A horse whinnied. It was hard to tell what direction the sound came from, at first it seemed to come from behind him, but then Billy heard the slow thump of hooves from in front of him and so, confused, and very cautiously, he raised his head out of the leaves until he could see across the corn. The shadows were harsh among the further trees, but suddenly, in a slash of bright sunlight that cut across the dark, he saw the horsemen. Northerners! Blue coats. There were glints of reflected sunlight from saber scabbards, belt buckles, curb chains, carbine hooks, then a flash of white as a horse rolled its eye and sneezed. The ears of the other horses pricked forward. The wary cavalrymen had stopped at the corn's edge. There were a dozen or so troopers there, carbines at the ready, all watching across the crop toward Billy's left, and it was their watchfulness that kept Billy motionless.
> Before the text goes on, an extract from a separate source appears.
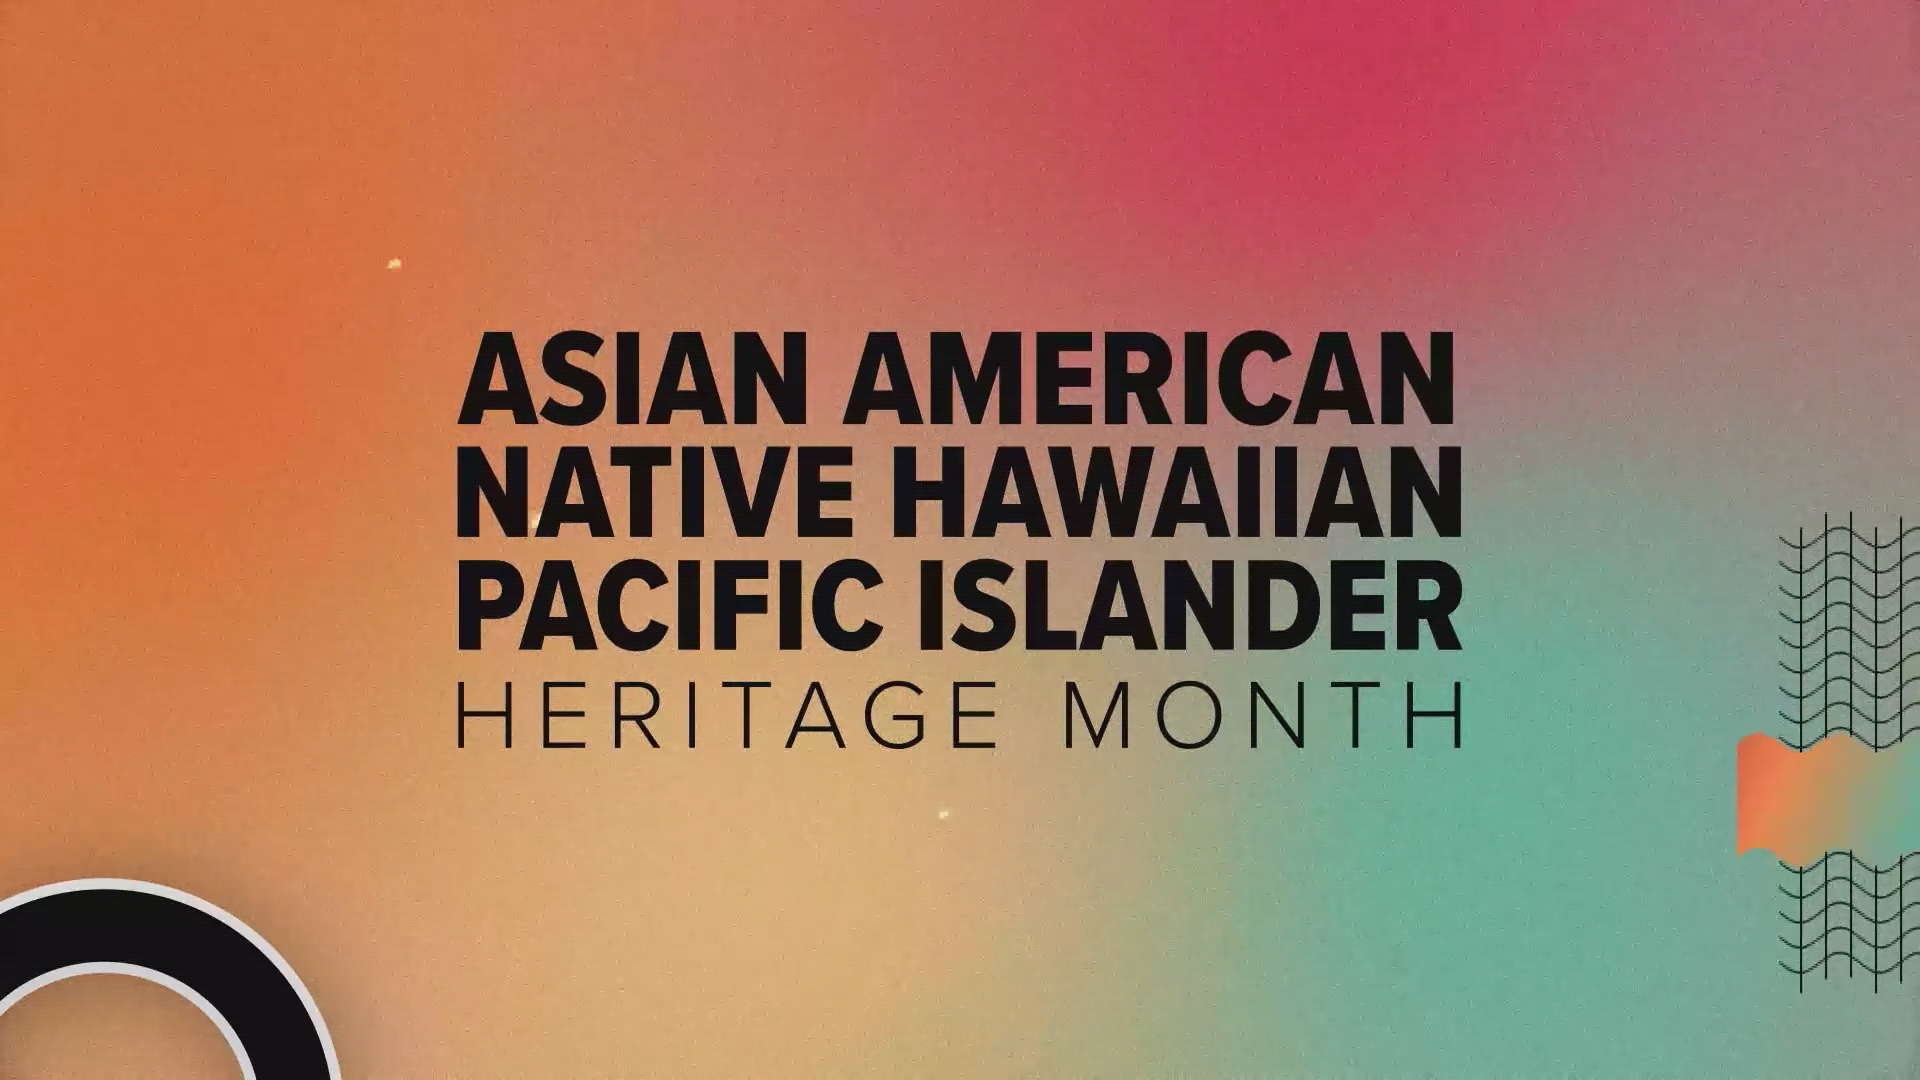 May is Asian American Native Hawaiian Pacific Islander Heritage Month. It commemorates the contributions AANHPI people have made to U.S. history, society and culture

What was worrying them? He turned very slowly, but could see nothing. Were there rebels nearby? A bluebird flitted above the corn and Billy decided the bright feathers were a good omen and he was about to stand fully upright and shout toward the cavalrymen when suddenly their leader made a gesture with his hand and the troopers spurred their horses out into the corn. Billy stayed still. One of the cavalrymen had holstered his carbine and scraped his saber free of its scabbard, and that persuaded Billy that this was not a good time to attract the troopers' attention. One shout now and a volley of minie balls could be his answer and so he just watched as the horses advanced noisily through the stiff cornstalks.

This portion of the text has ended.